### TASK TO CARRY OUT
Each line below must be set down exactly; omit any image you find.

### DATA PROVIDED
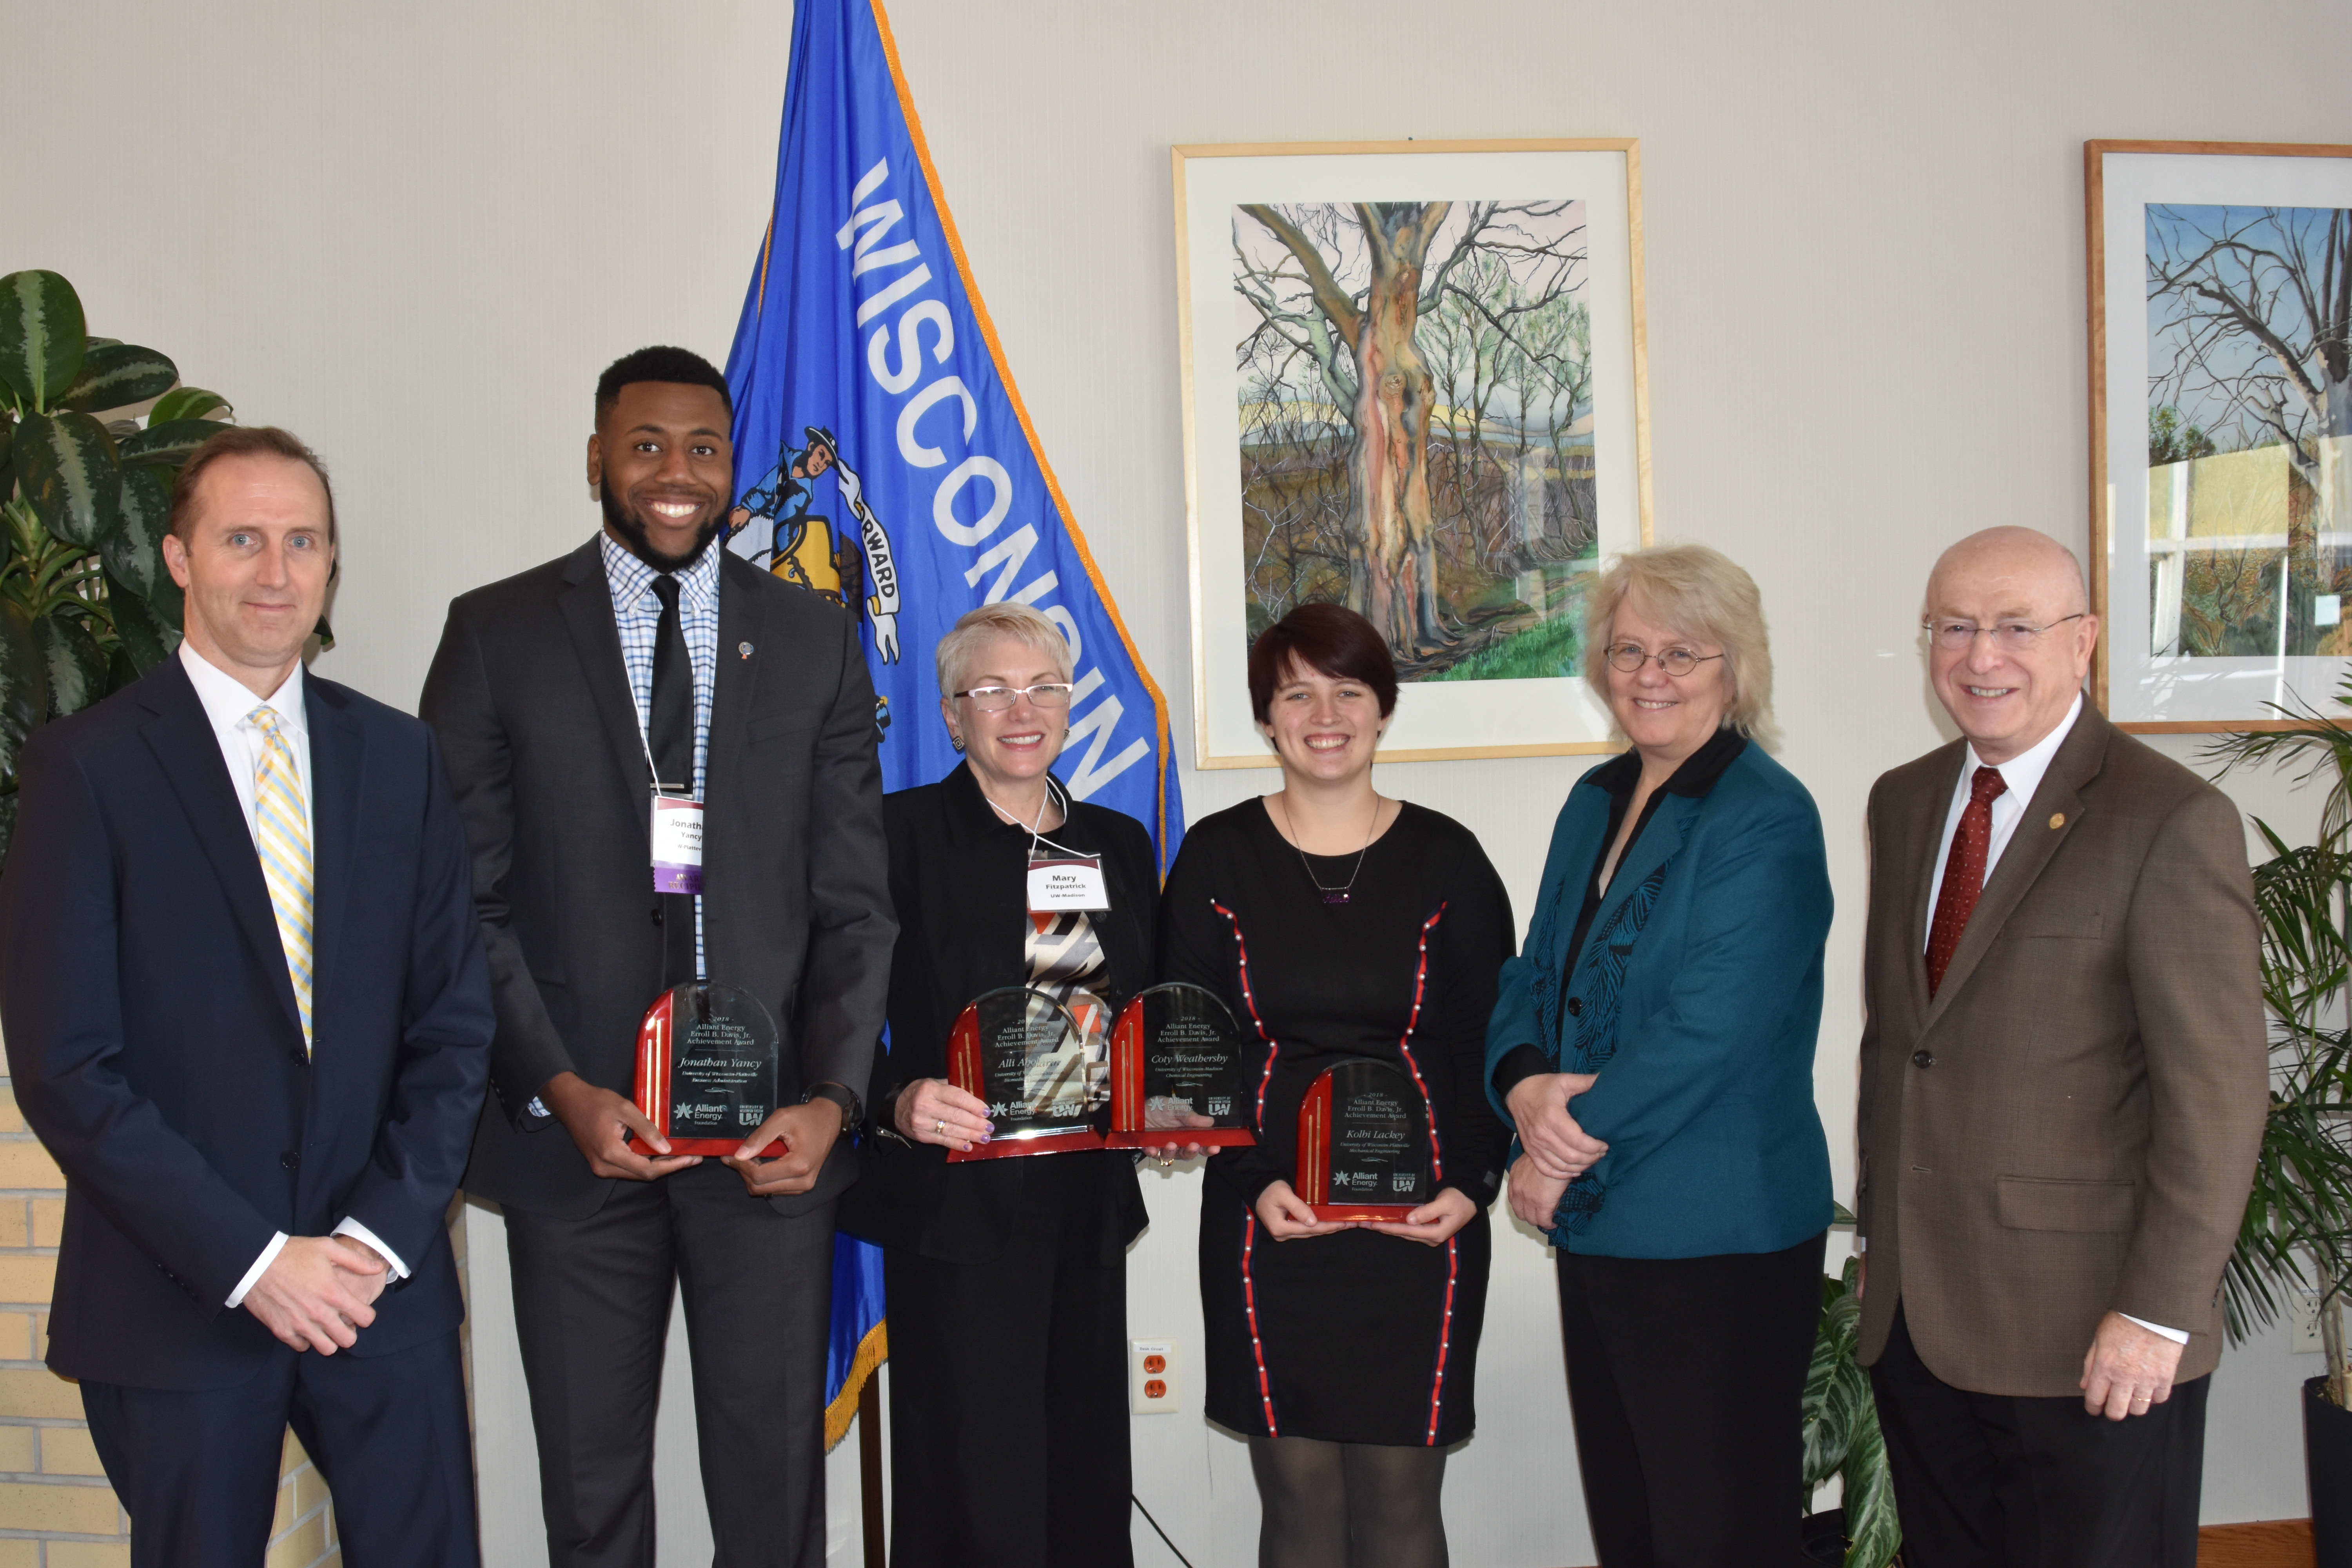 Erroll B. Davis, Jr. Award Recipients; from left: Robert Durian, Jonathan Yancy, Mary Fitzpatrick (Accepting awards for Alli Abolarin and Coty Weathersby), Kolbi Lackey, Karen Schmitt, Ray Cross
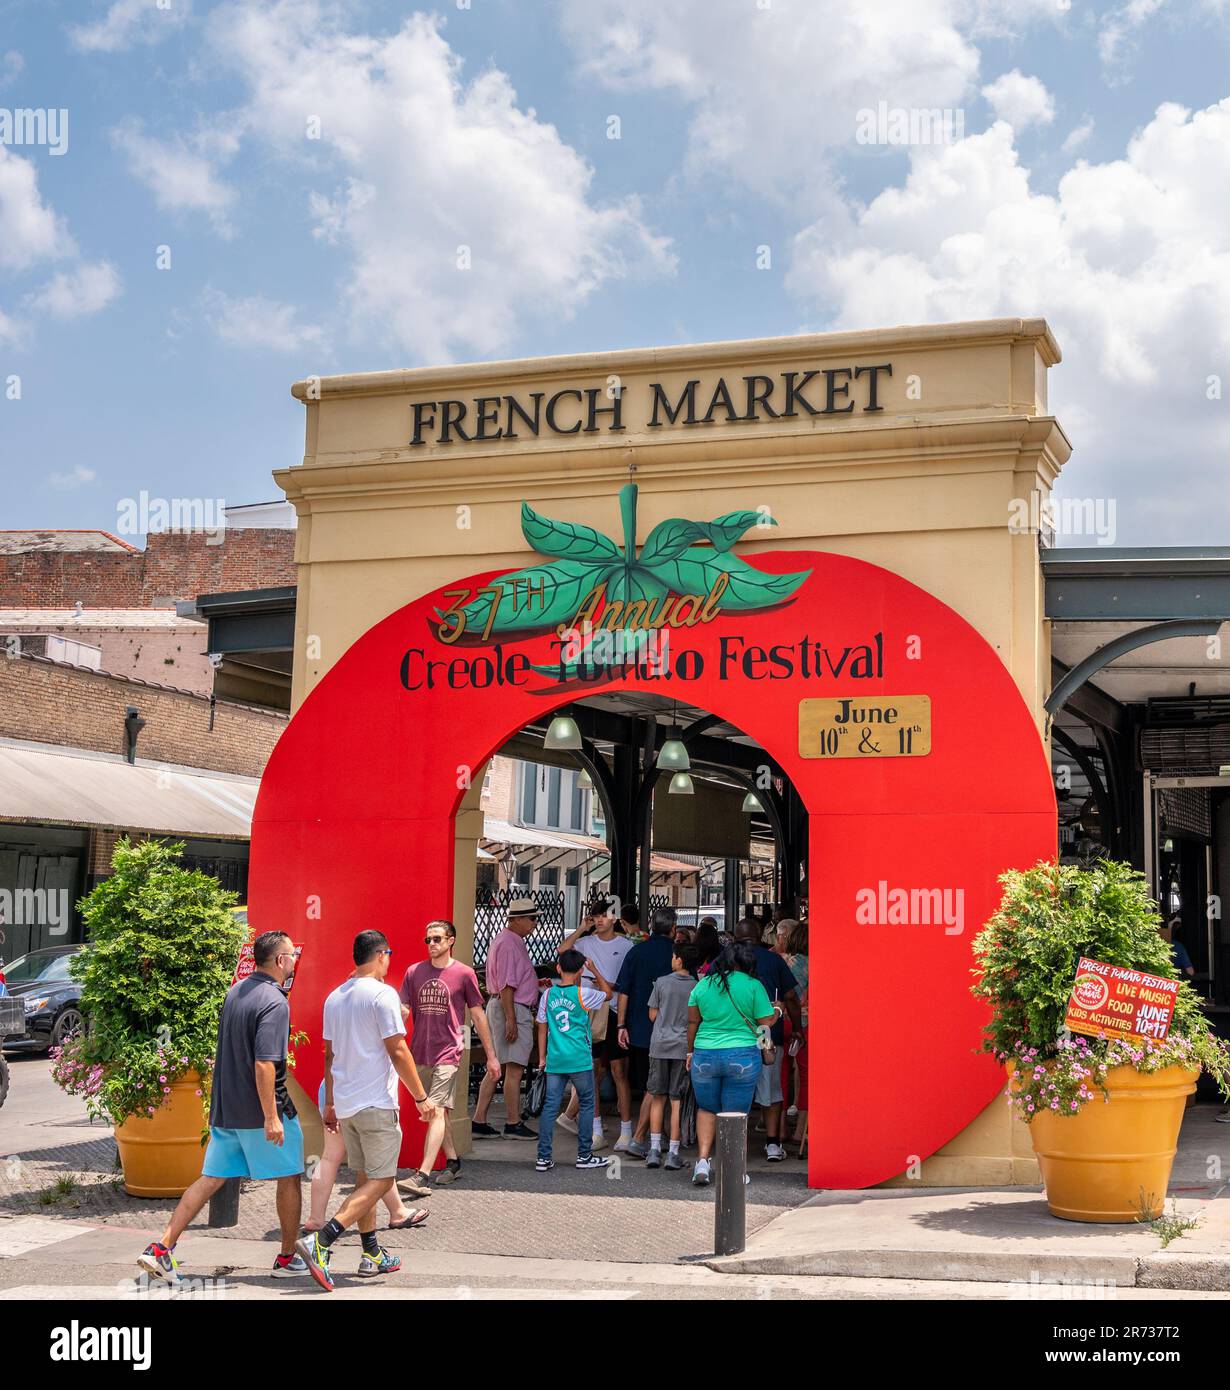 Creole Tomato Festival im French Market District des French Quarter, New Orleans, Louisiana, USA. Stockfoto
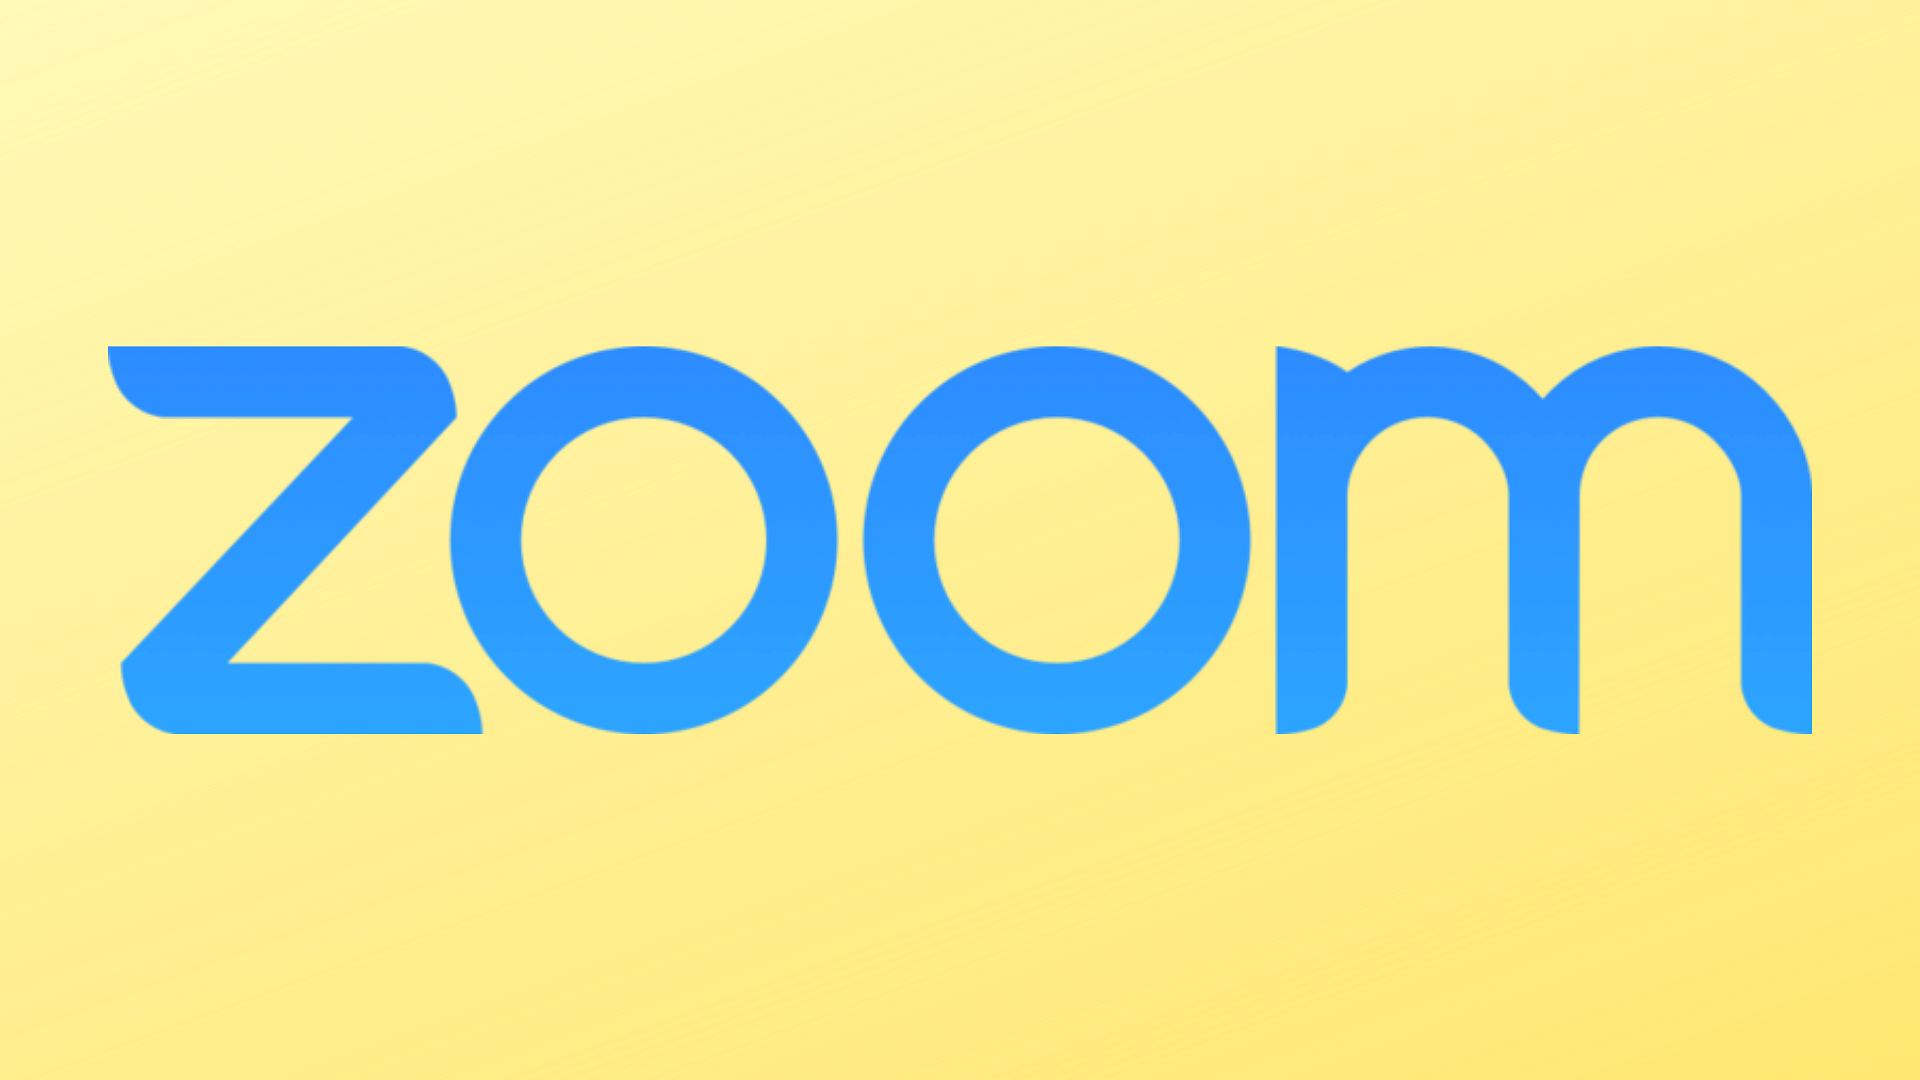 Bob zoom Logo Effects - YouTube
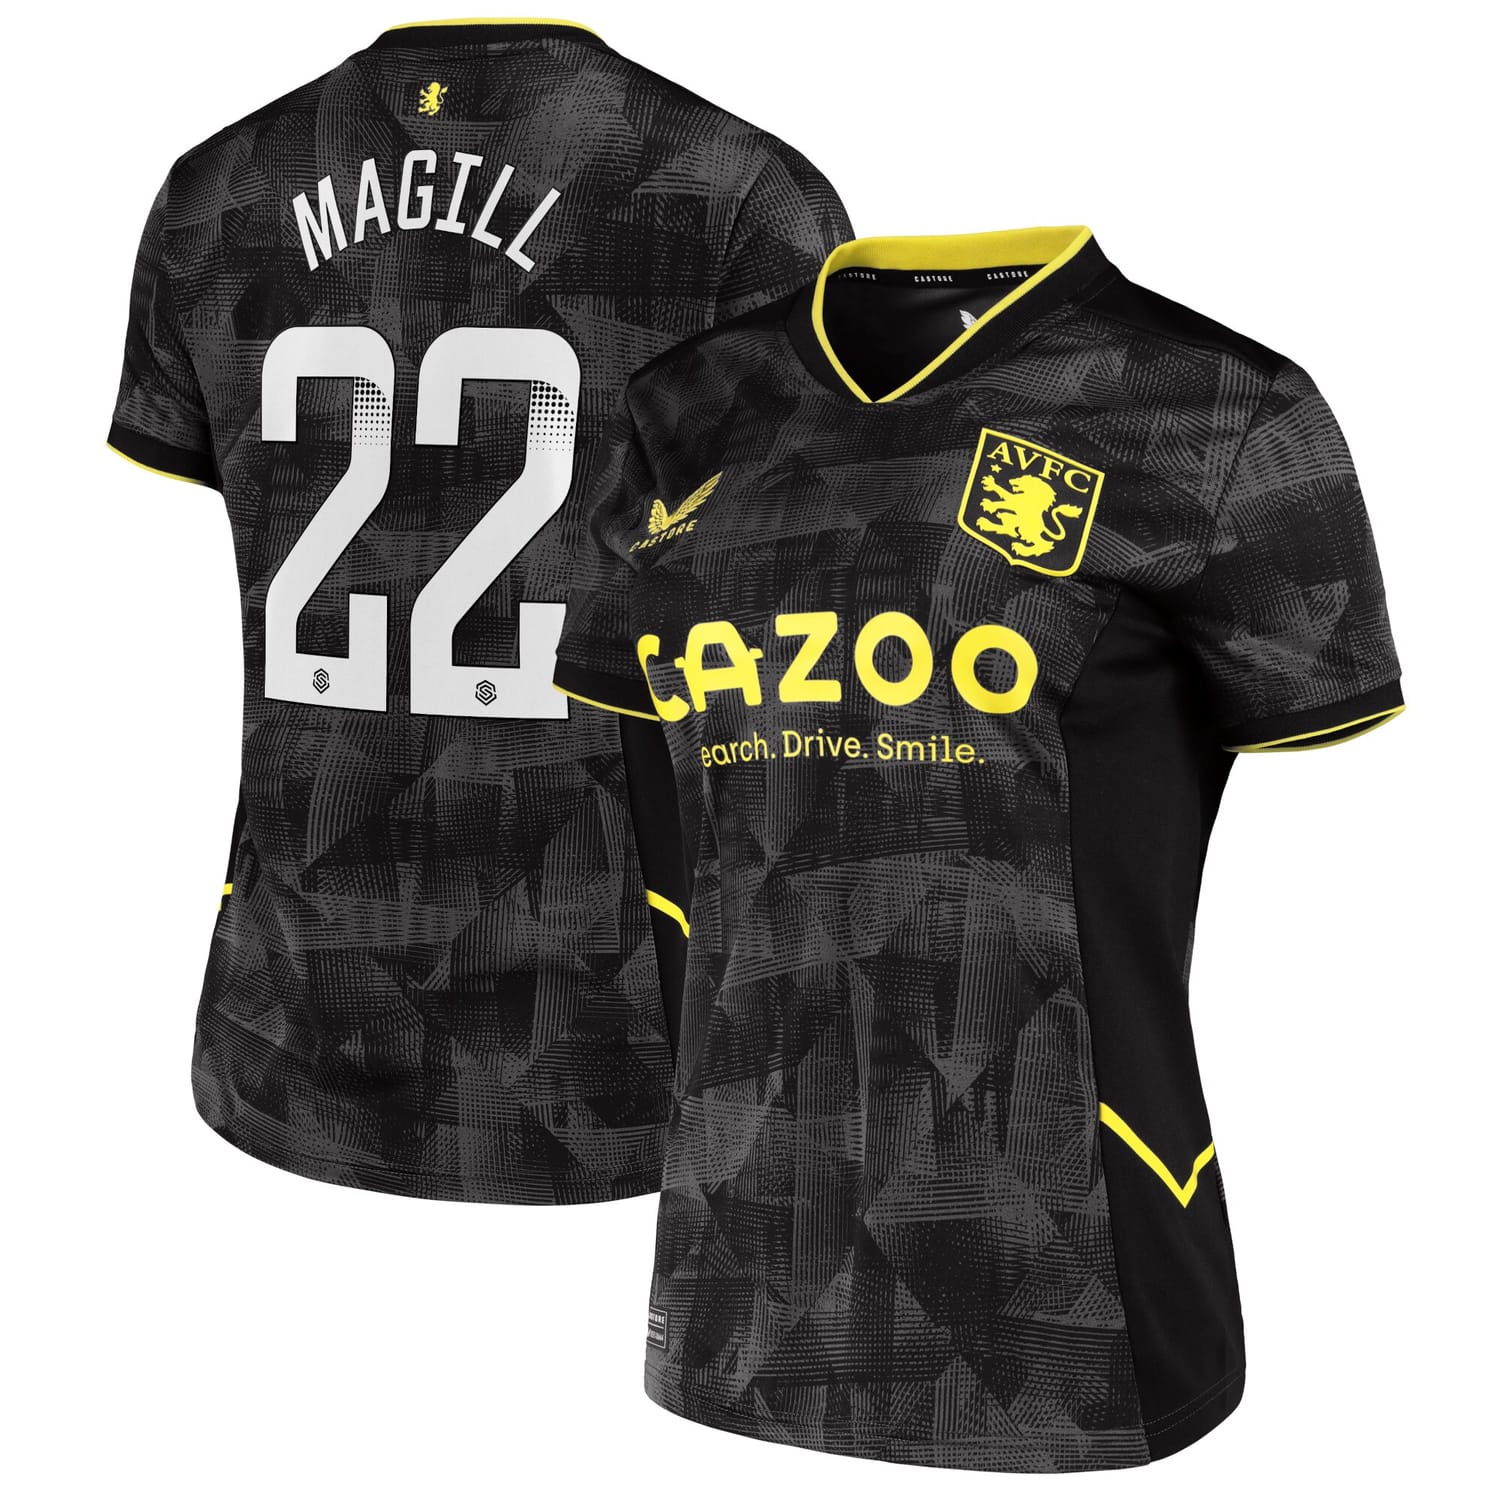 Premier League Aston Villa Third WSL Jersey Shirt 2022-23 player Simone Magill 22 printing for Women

### ANSWER TO THIS TASK
 Erroll B. Davis, Jr. Award Recipients; from left: Robert Durian, Jonathan Yancy, Mary Fitzpatrick (Accepting awards for Alli Abolarin and Coty Weathersby), Kolbi Lackey, Karen Schmitt, Ray Cross
 Creole Tomato Festival im French Market District des French Quarter, New Orleans, Louisiana, USA. Stockfoto
 Bob zoom Logo Effects - YouTube
 Premier League Aston Villa Third WSL Jersey Shirt 2022-23 player Simone Magill 22 printing for Women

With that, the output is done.